Mysterious visit paid by Patrushev

Musings over a "war of spies on the Balkans" were officially fed when Secretary of the Security Council of Russia Nikolai Patrushev visited Belgrade to strengthen cooperation of the two countries. However, many different Serbian papers reported consistently that Patrushev flew three exposed Russian spies out of Belgrade. This was done to avoid a public scandal – that was also written in the Muscovite newspaper "Kommersant." The Serbian minister of the interior and Russia’s Kremlin spokesman Dimitri Peskov denied the reports. Officially, relations between the Orthodox nations are still good.

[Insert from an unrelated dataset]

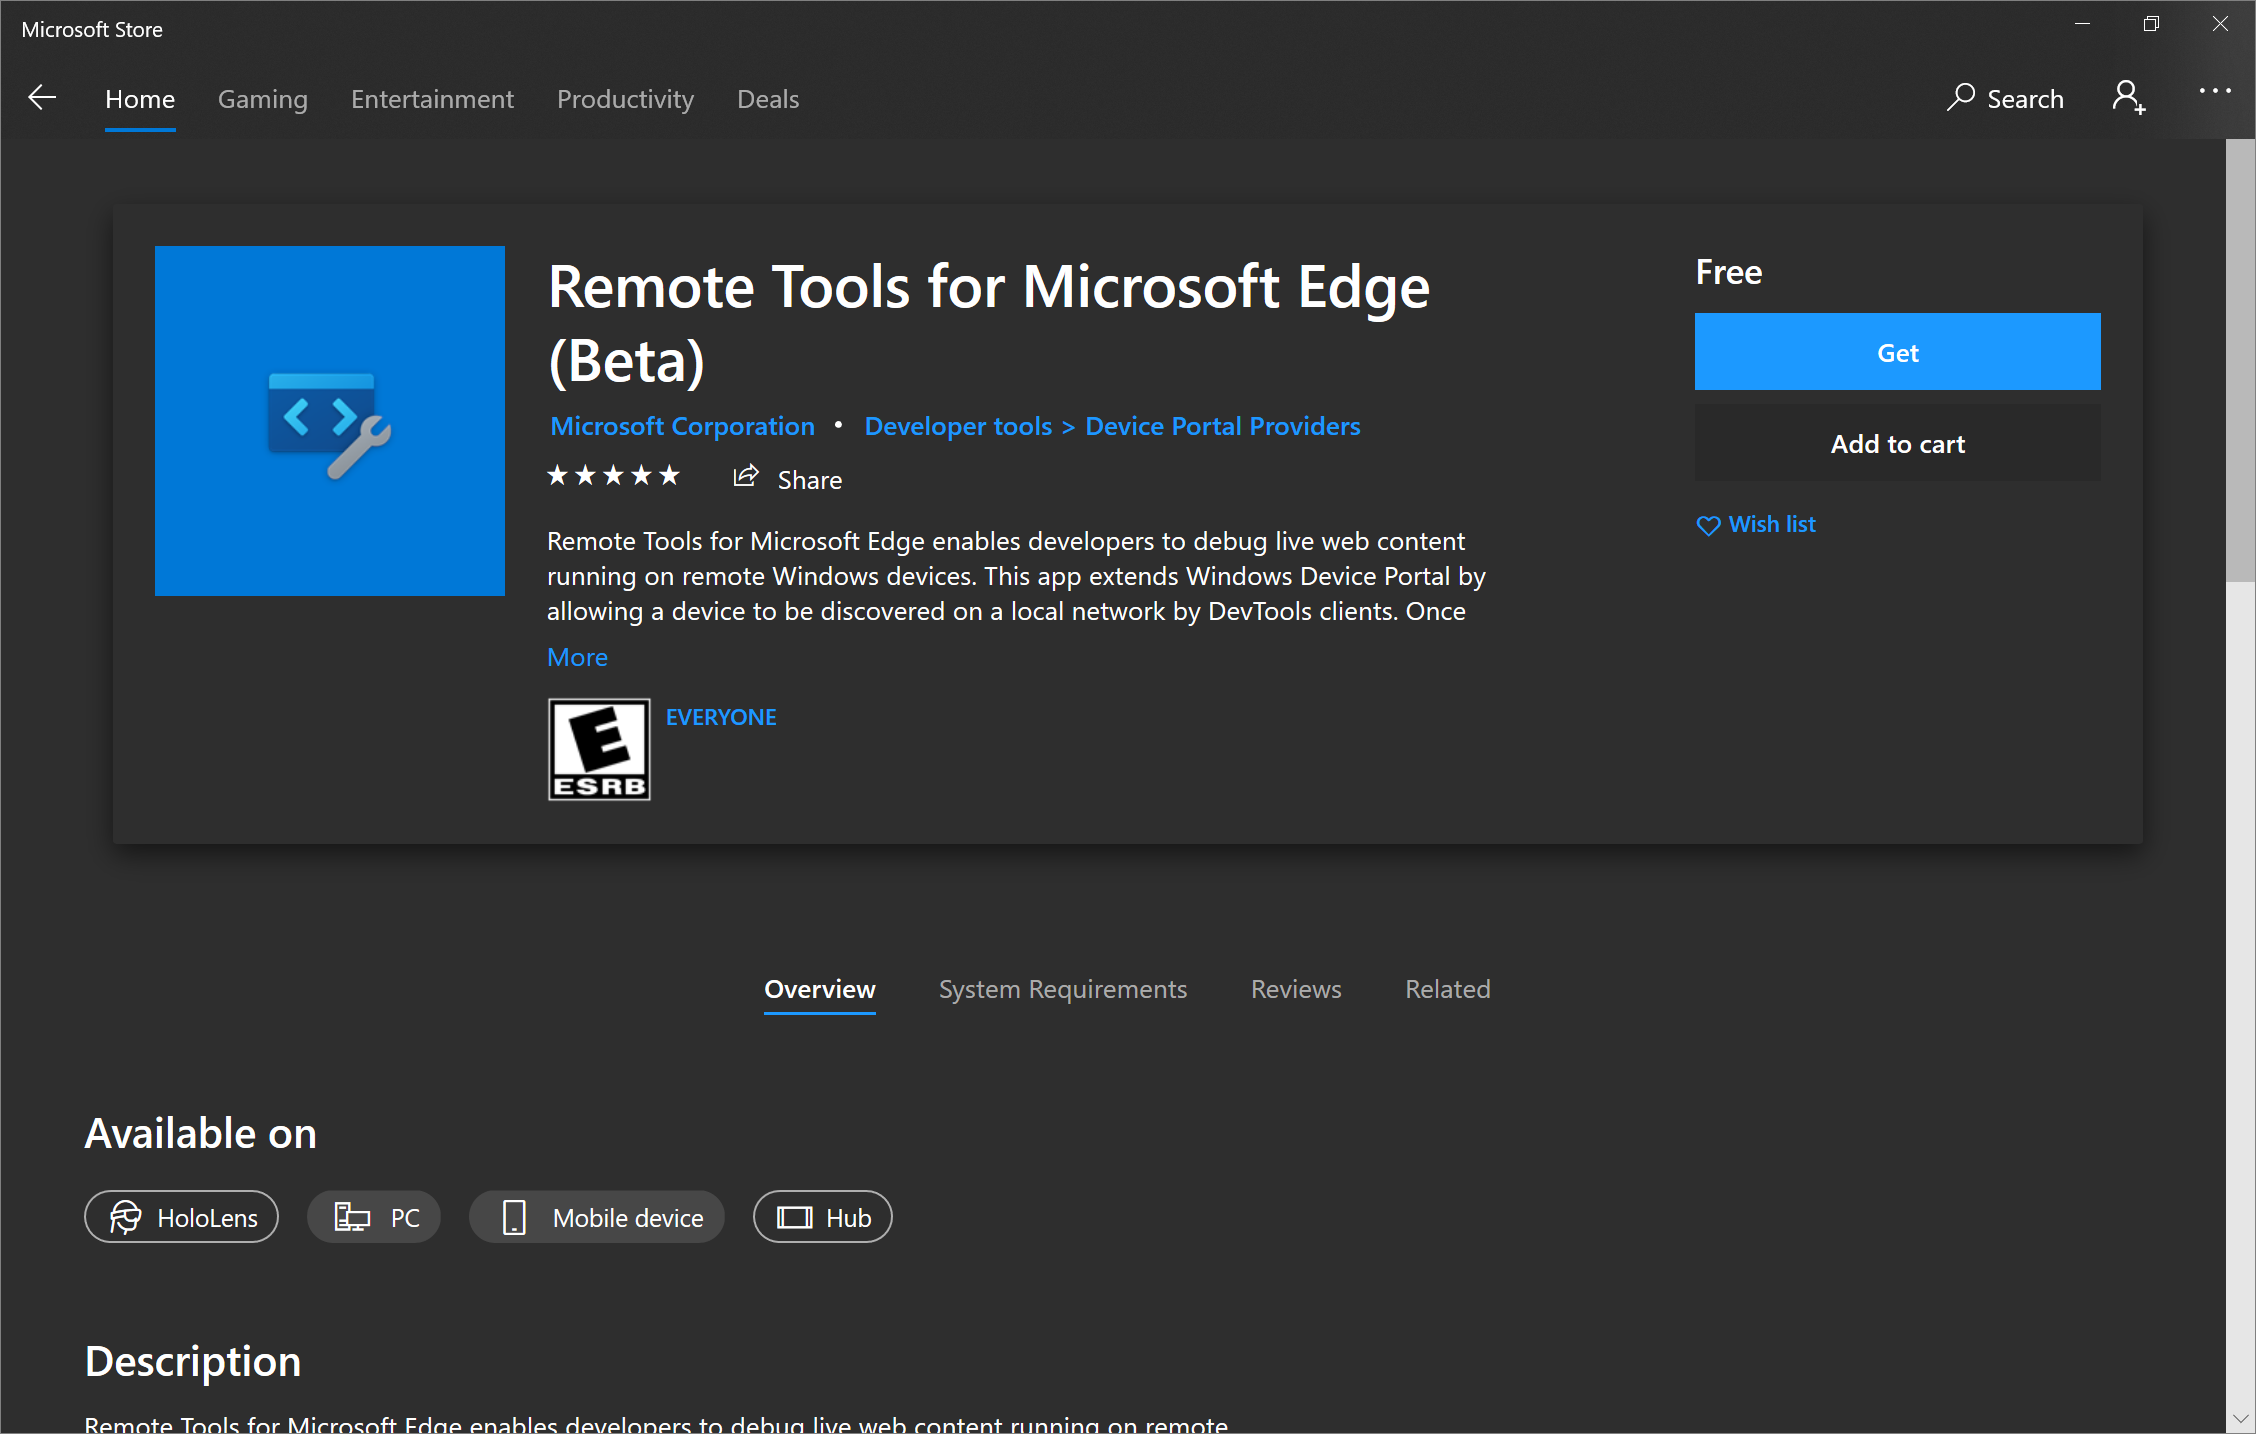 The Remote Tools for Microsoft Edge (Beta) in the Microsoft Store

Russian President Vladimir Putin is a popular figure in Serbia

"Because we have so little reliable information, we have been forced to interpret the prime minister’s words," Sofija Mandic, of the Belgrade Center for Security Policy, told DW. "If foreign intelligence agencies are planning terrorist attacks in Serbia or Montenegro, then one must ask why is this being discussed publicly without it leading to criminal proceedings. And if some Russian citizens really have been deported from Serbia, why where they not arrested?"

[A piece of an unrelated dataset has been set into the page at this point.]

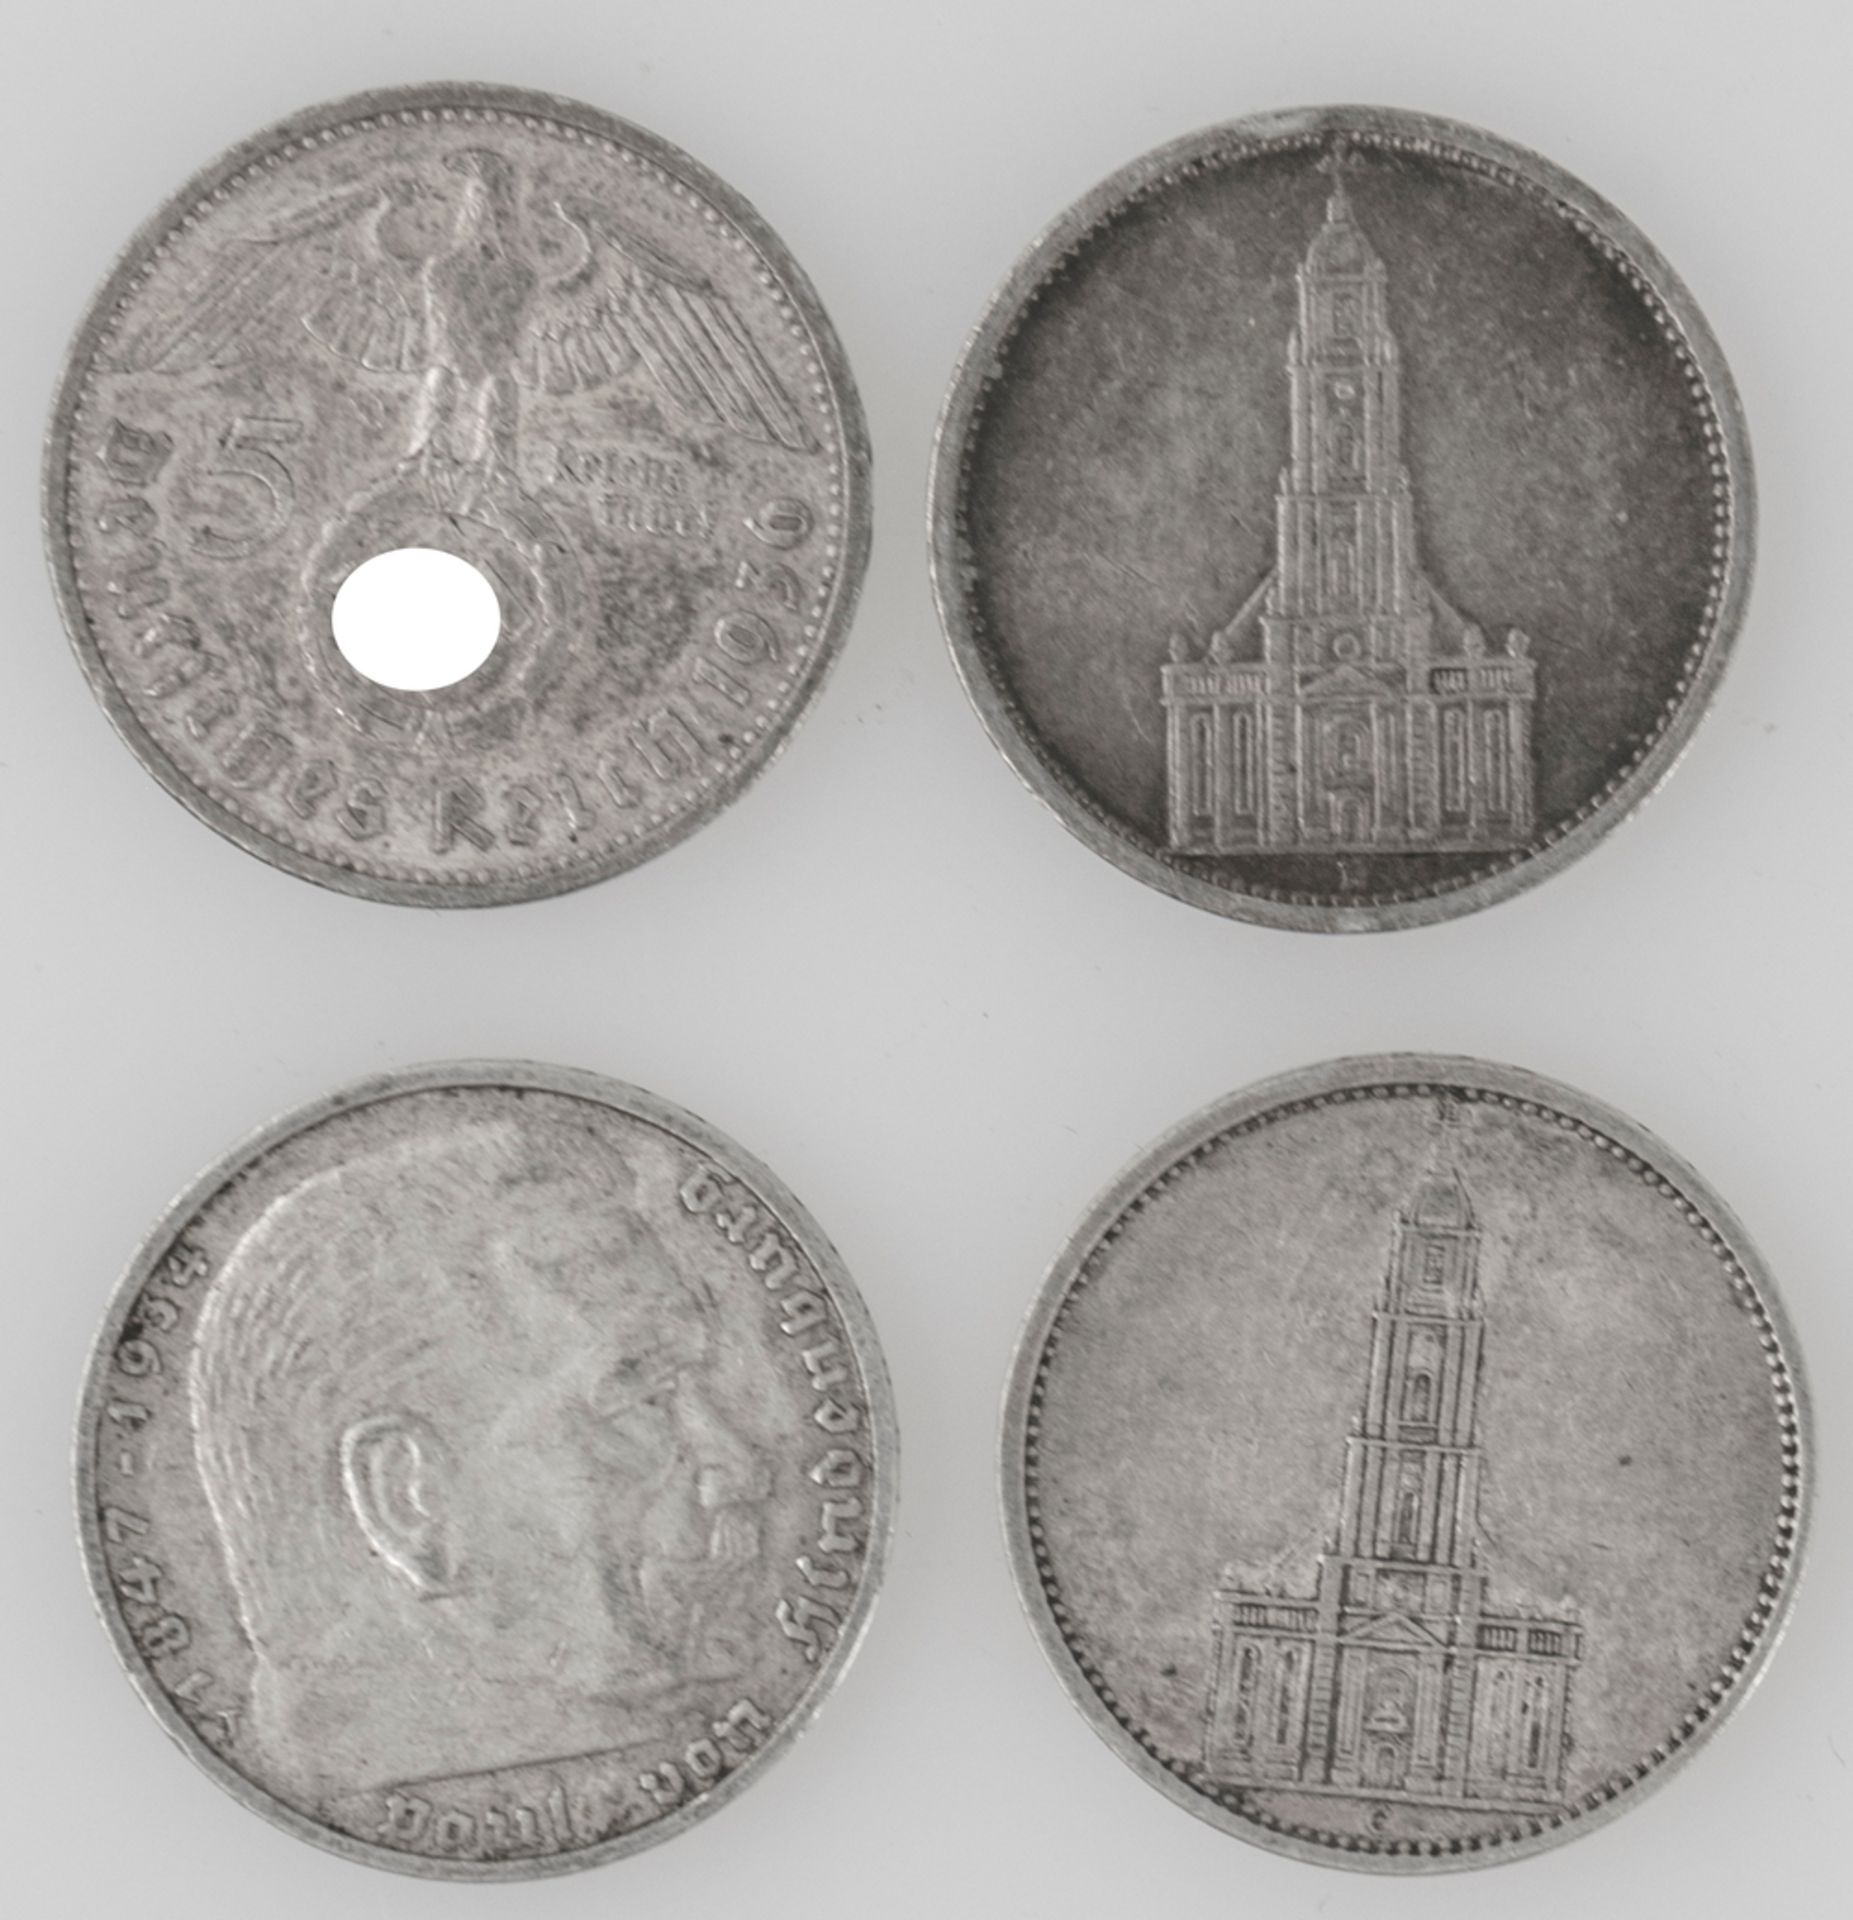 Drittes Reich 1934/36, Lot 5 Reichsmark - Silbermünzen. Erhaltung: ss.

If that was not enough: Last week, it was said that a high-ranking former justice official has been selling confidential information to the CIA for a long time now. The Belgrade paper "Blic" published names and details.

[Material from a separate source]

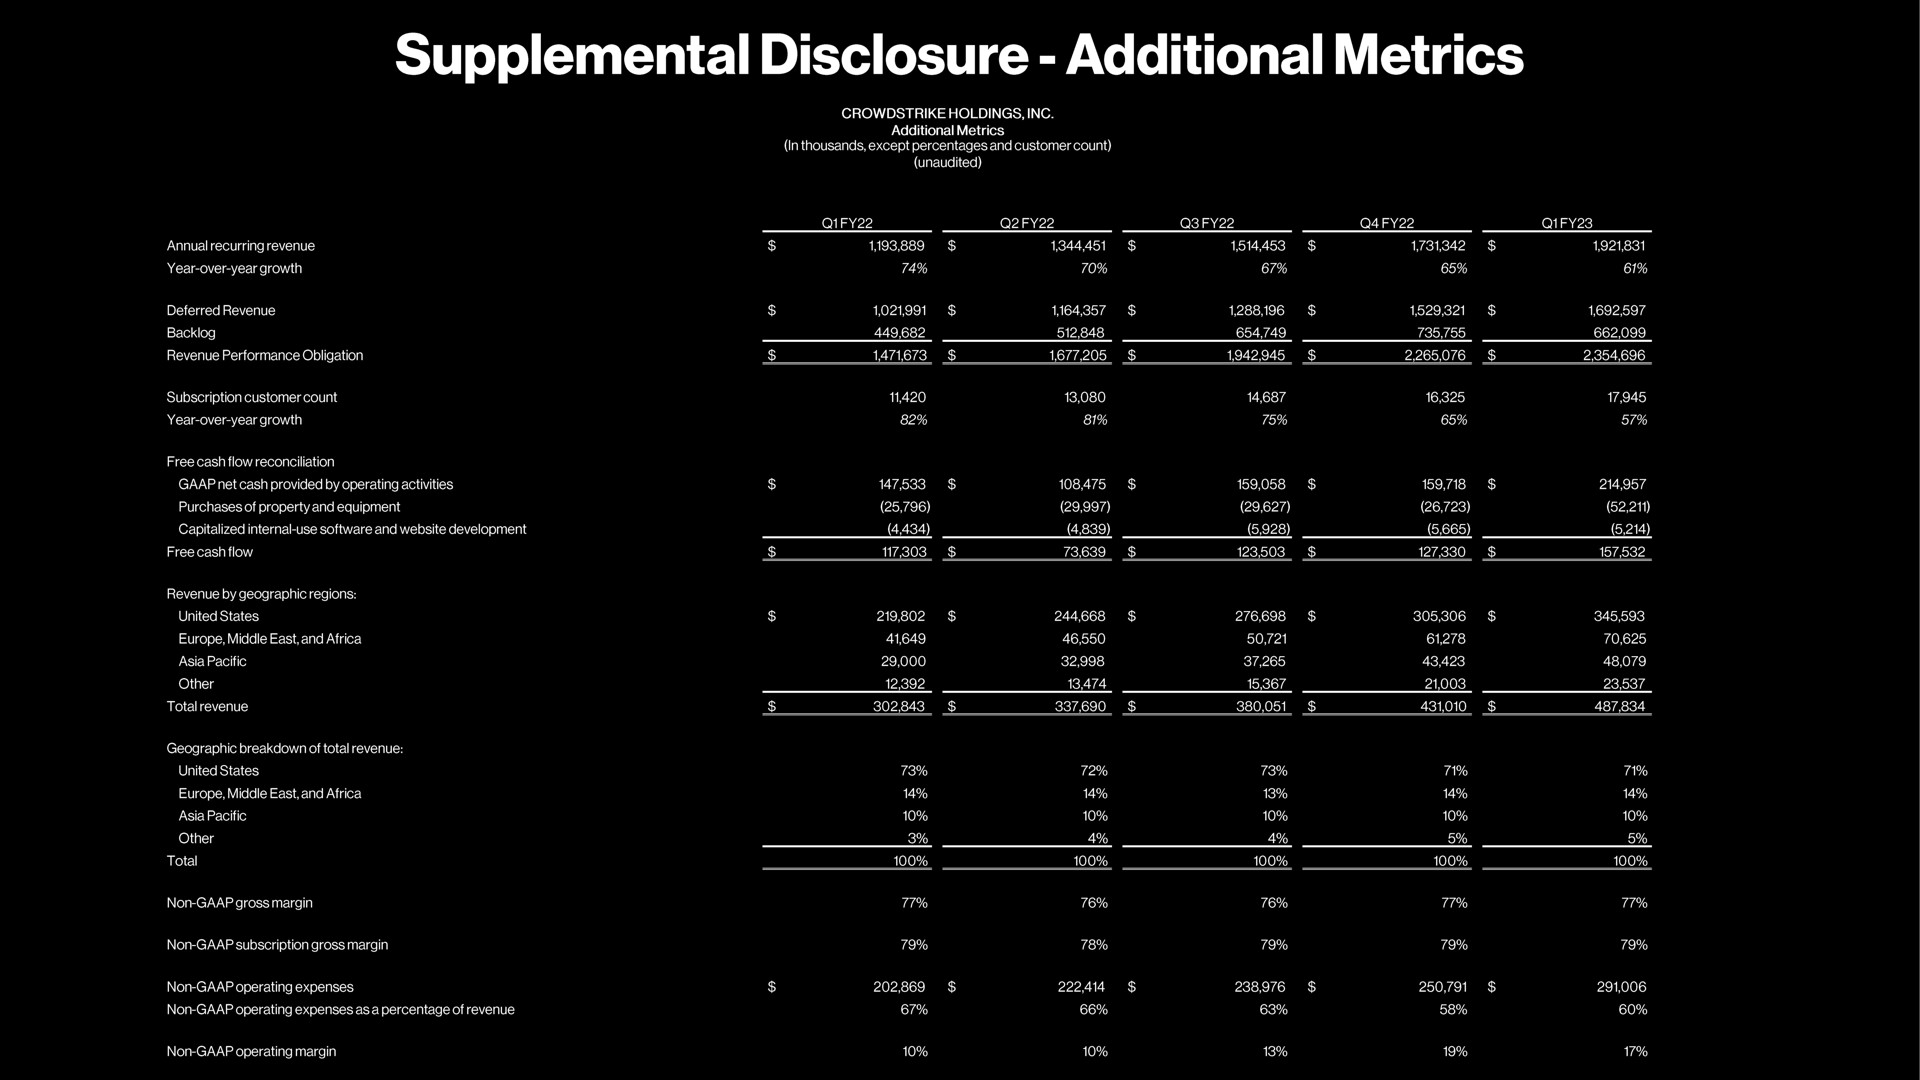 supplemental disclosure additional metrics | Crowdstrike

Spy stories lend themselves to the invention of conspiracy theories – a popular pastime in Serbia. "These are the dreams of Serbian nationalist," said journalist Milos Vasic. "The only geopolitical importance of our country is the fact that important traffic routes run here. We should try to establish better train connections instead of wasting our time with these fabrications."

Weapons find

On Saturday, things got even hotter. Police seized a weapon stockpile buried not far from Prime Minister Vucic’s apartment. It contained a missile launcher, four hand grenades and ammunition. Vucic seemed nonchalant about it, and the weapons likely came from the wars in Bosnia and Croatia in the 1990s and had nothing to do with the present situation. Yet the tabloids were already outlining a potential attack scenario. "This is the alley where they wanted to blow up Vucic with a missile," was the headline on the pro-government newspaper "Informer." It seems like the PR debacle is far from over.